[Given information]
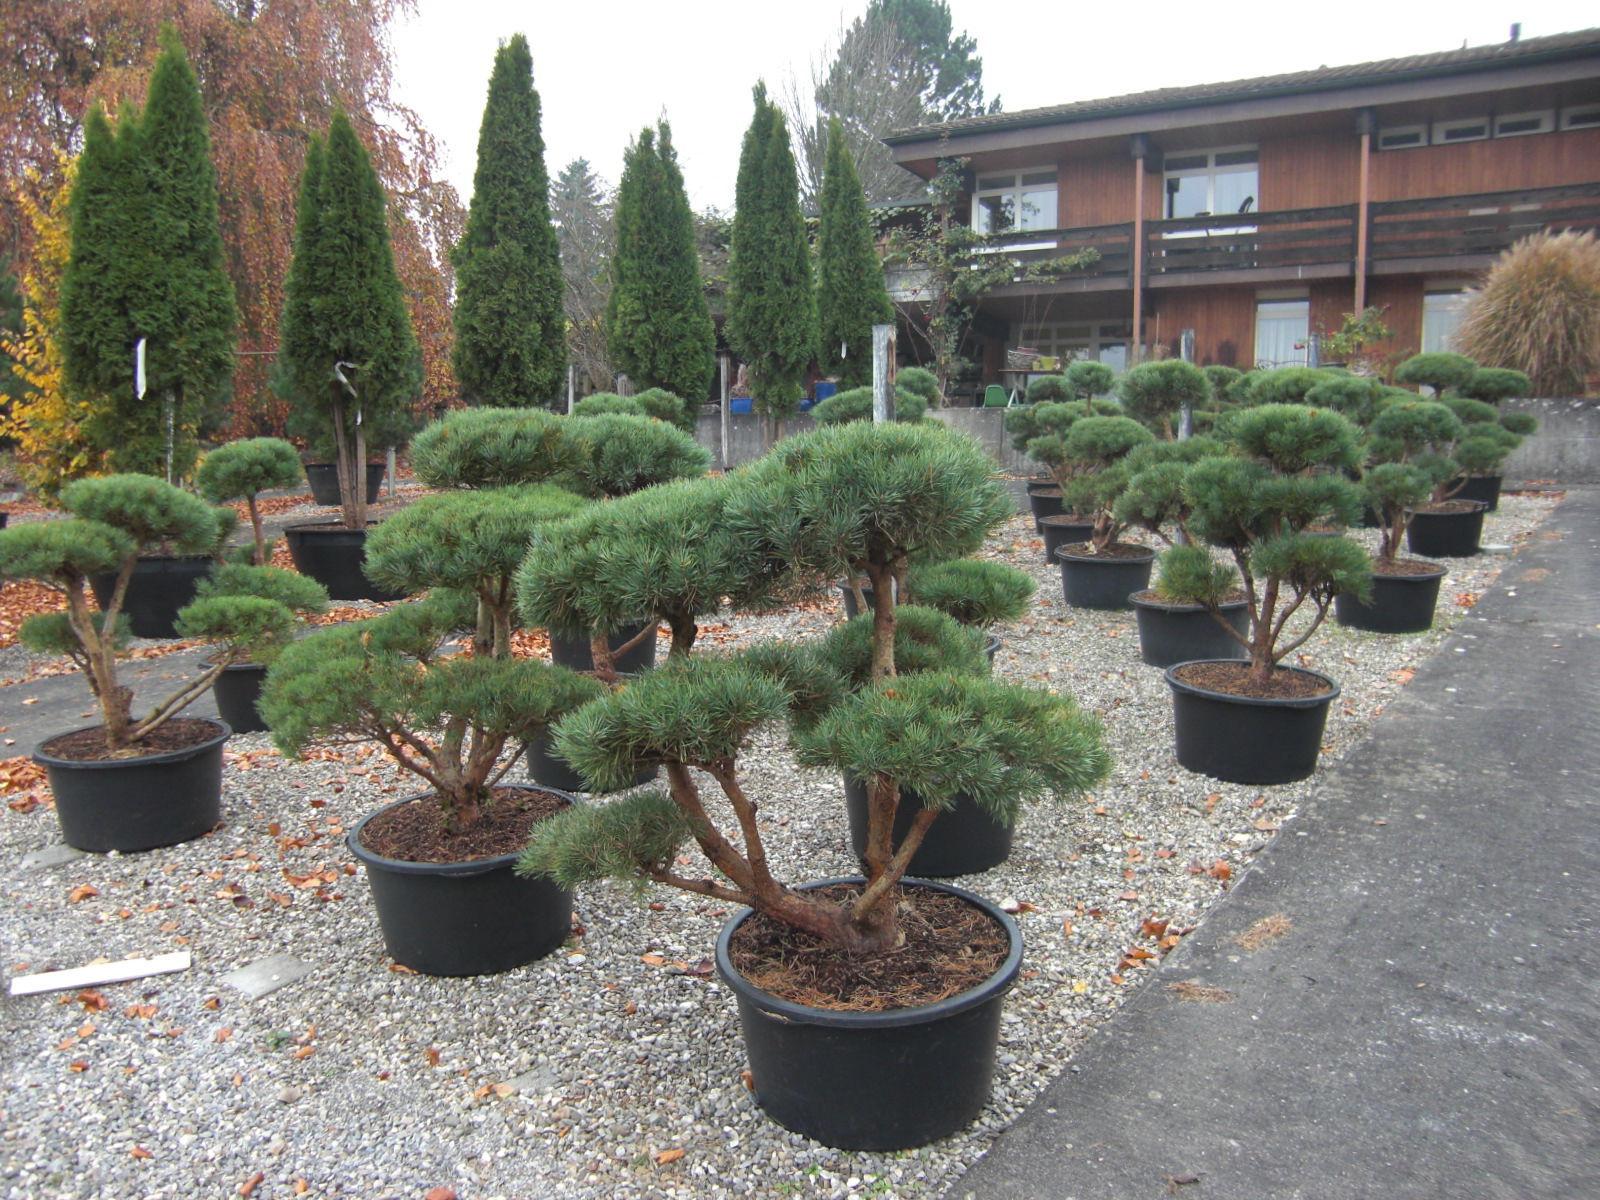 Hauenstein Pflanzen + Garten AG
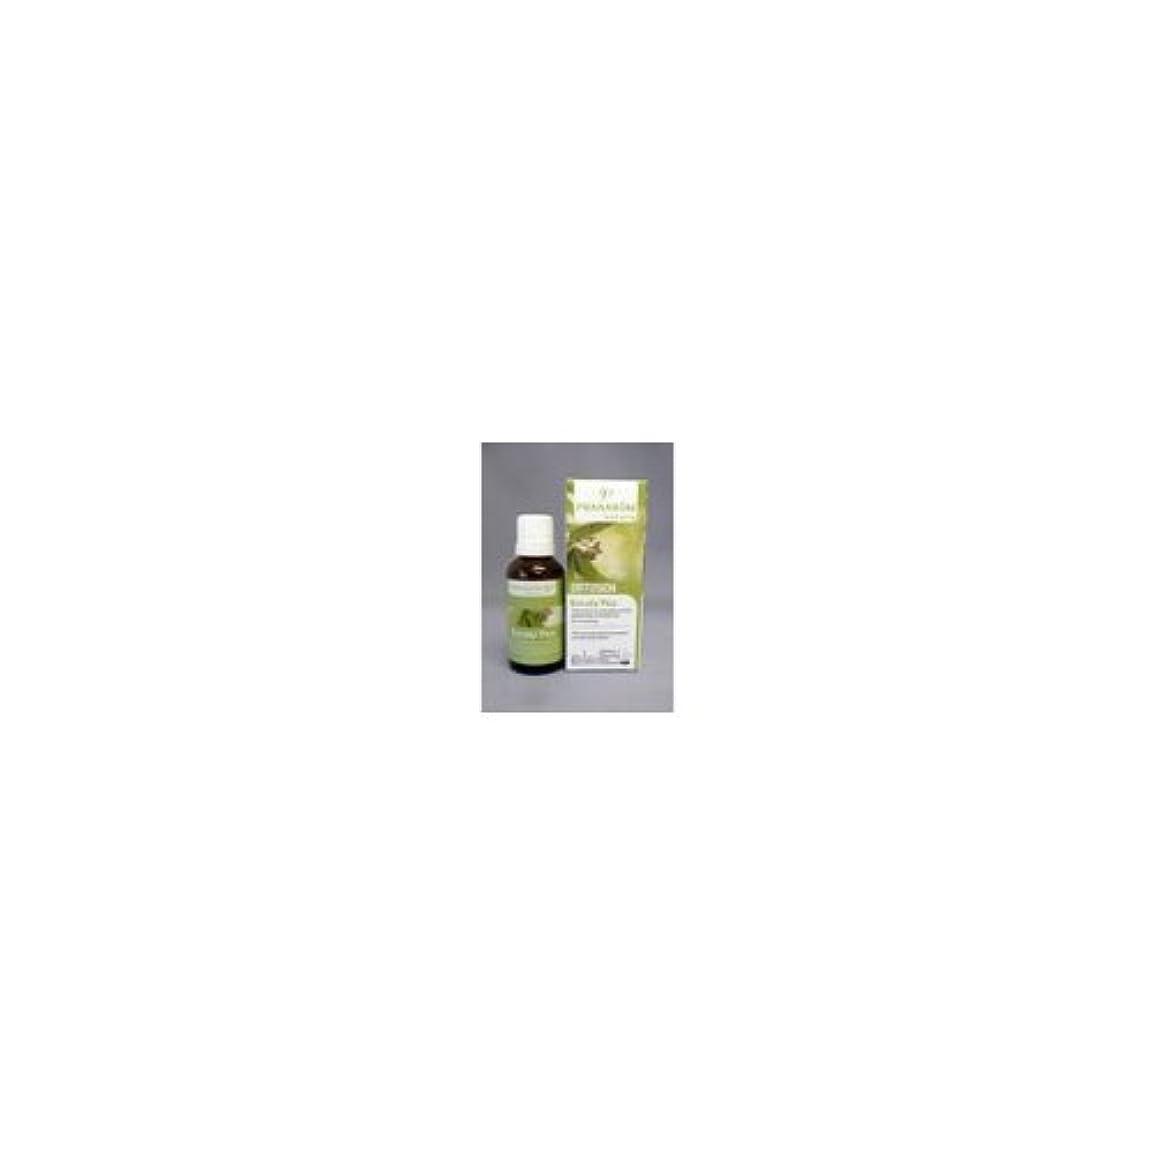 咽頭ビンナイトスポット胸一杯のフレッシュエア ユーカリプラス(30mg)/プラナロム社のエアフレッシュナー
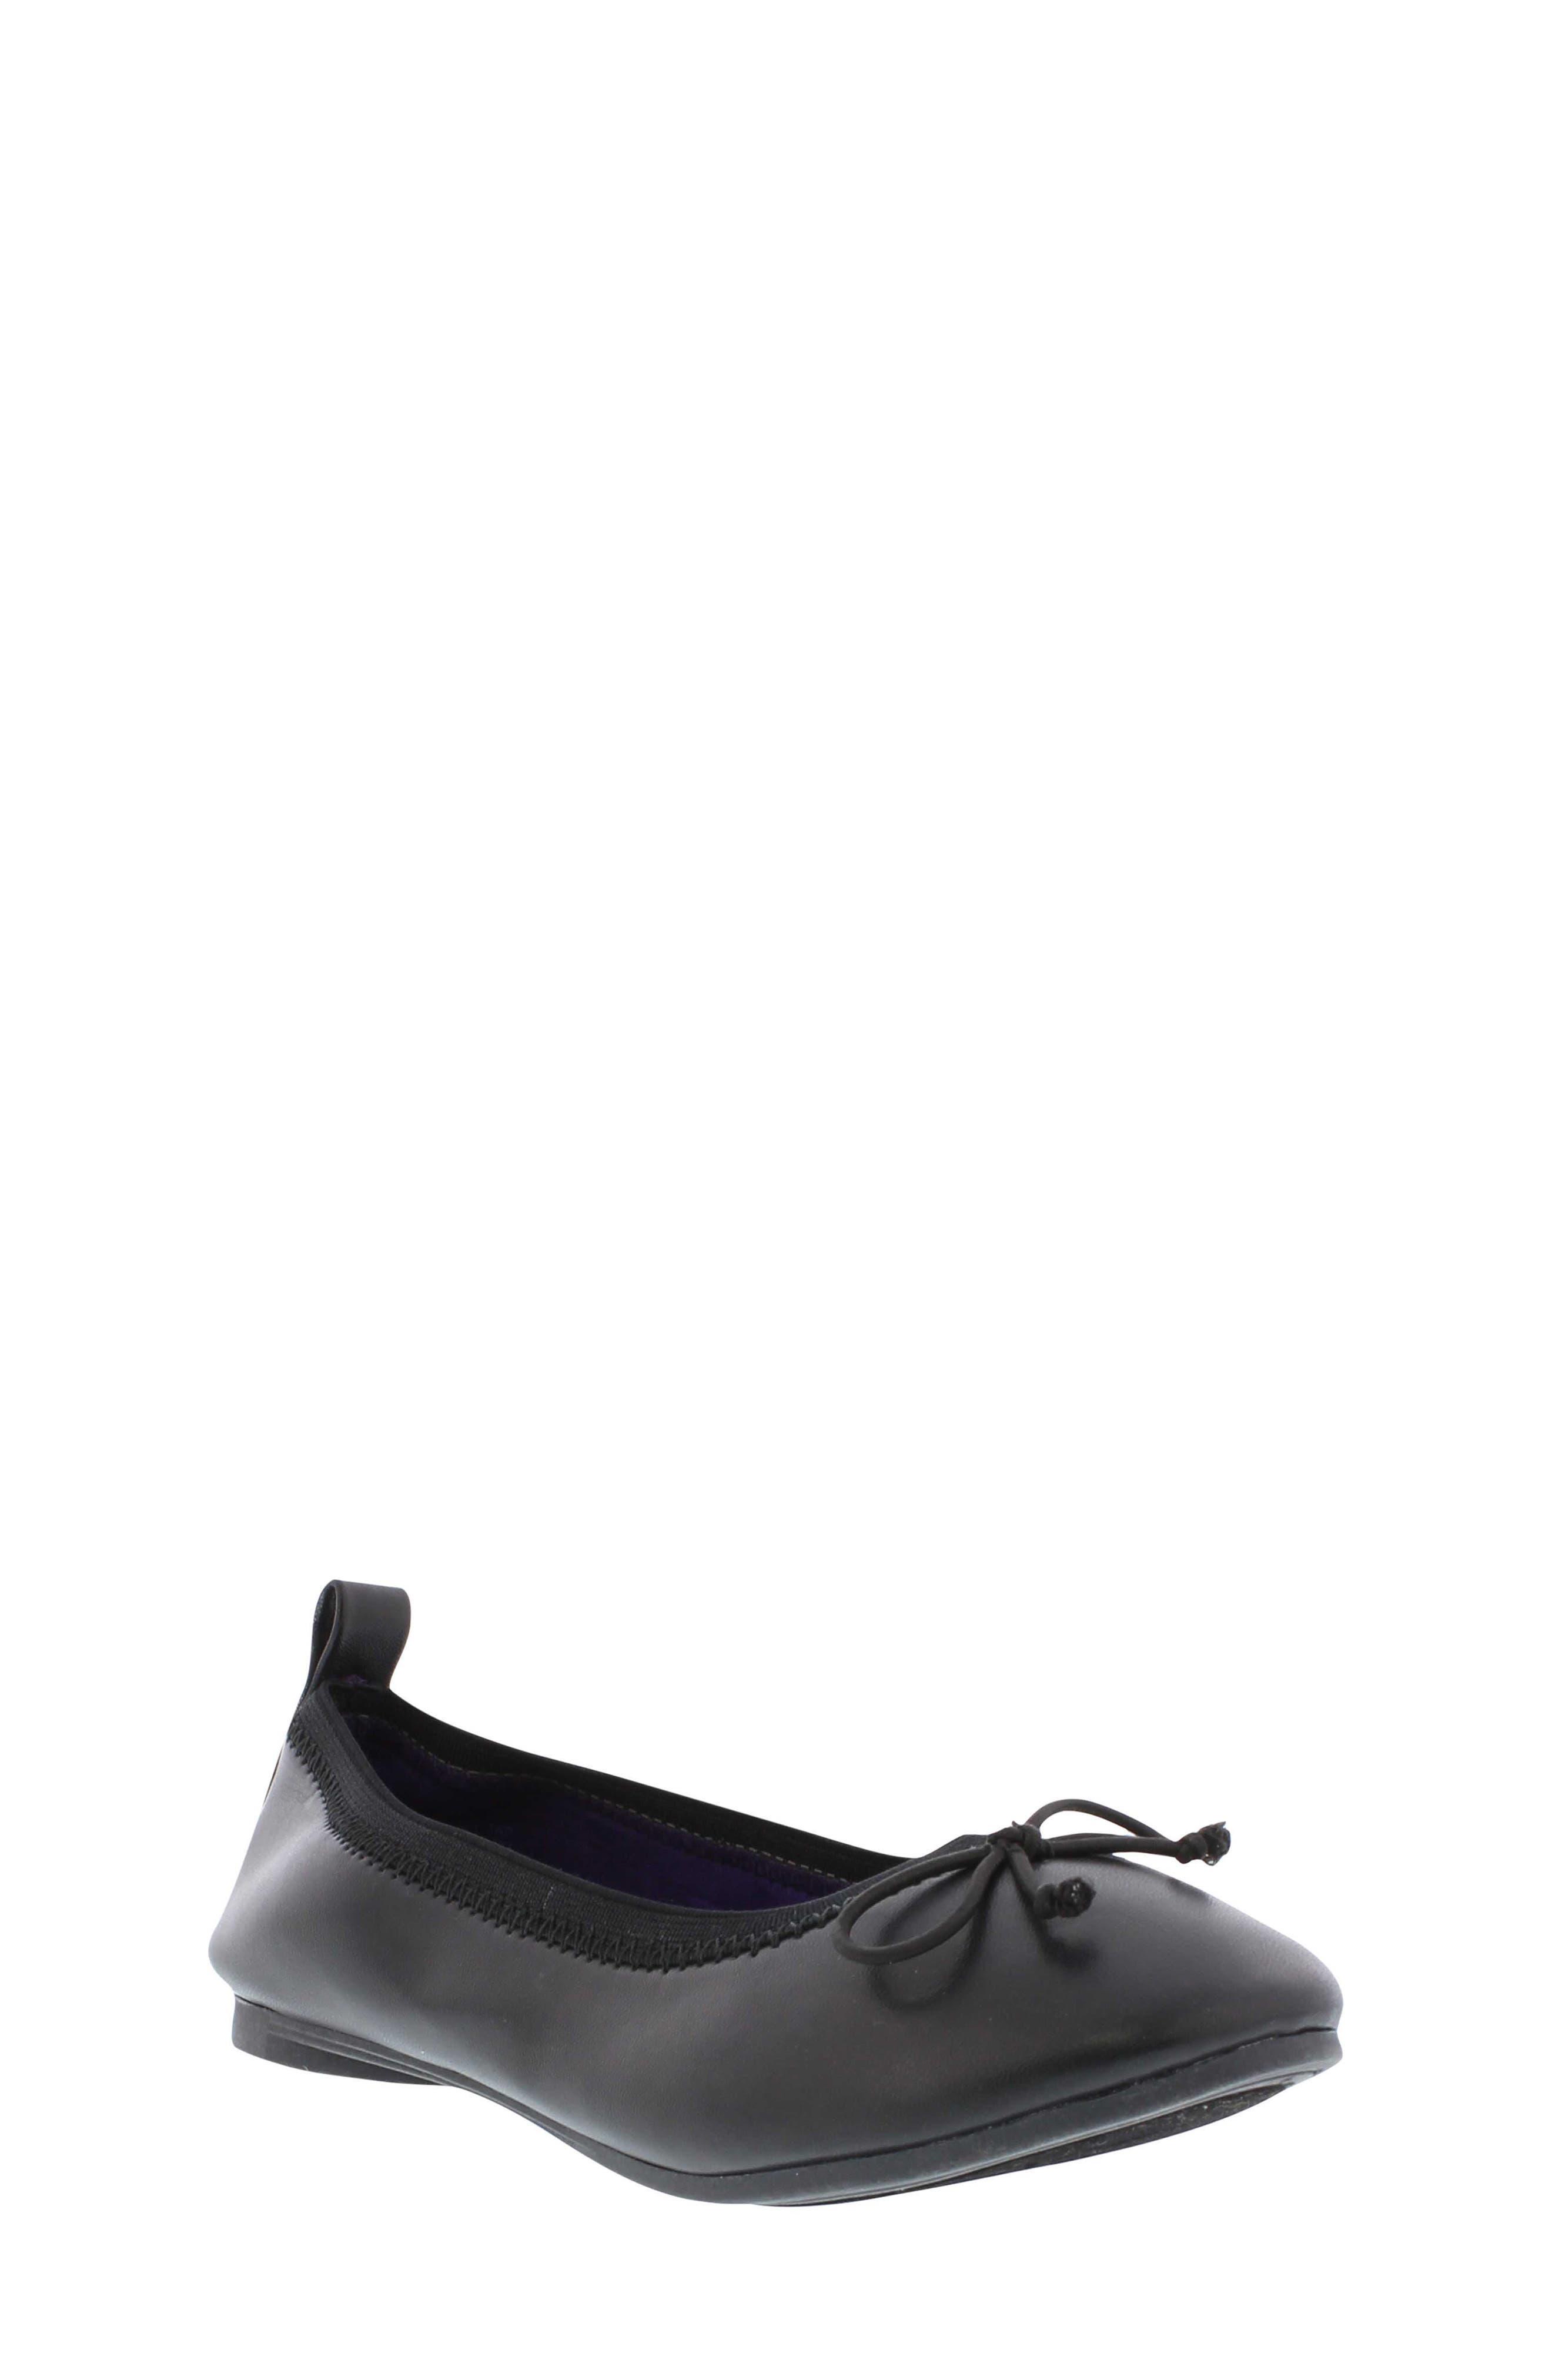 Copy Tap Ballet Flat,                         Main,                         color, Black

[Exercise requirements]
From the material above, reproduce everything verbatim except the pictures.

[Task response]
 Hauenstein Pflanzen + Garten AG
 咽頭ビンナイトスポット胸一杯のフレッシュエア ユーカリプラス(30mg)/プラナロム社のエアフレッシュナー
 Copy Tap Ballet Flat,                         Main,                         color, Black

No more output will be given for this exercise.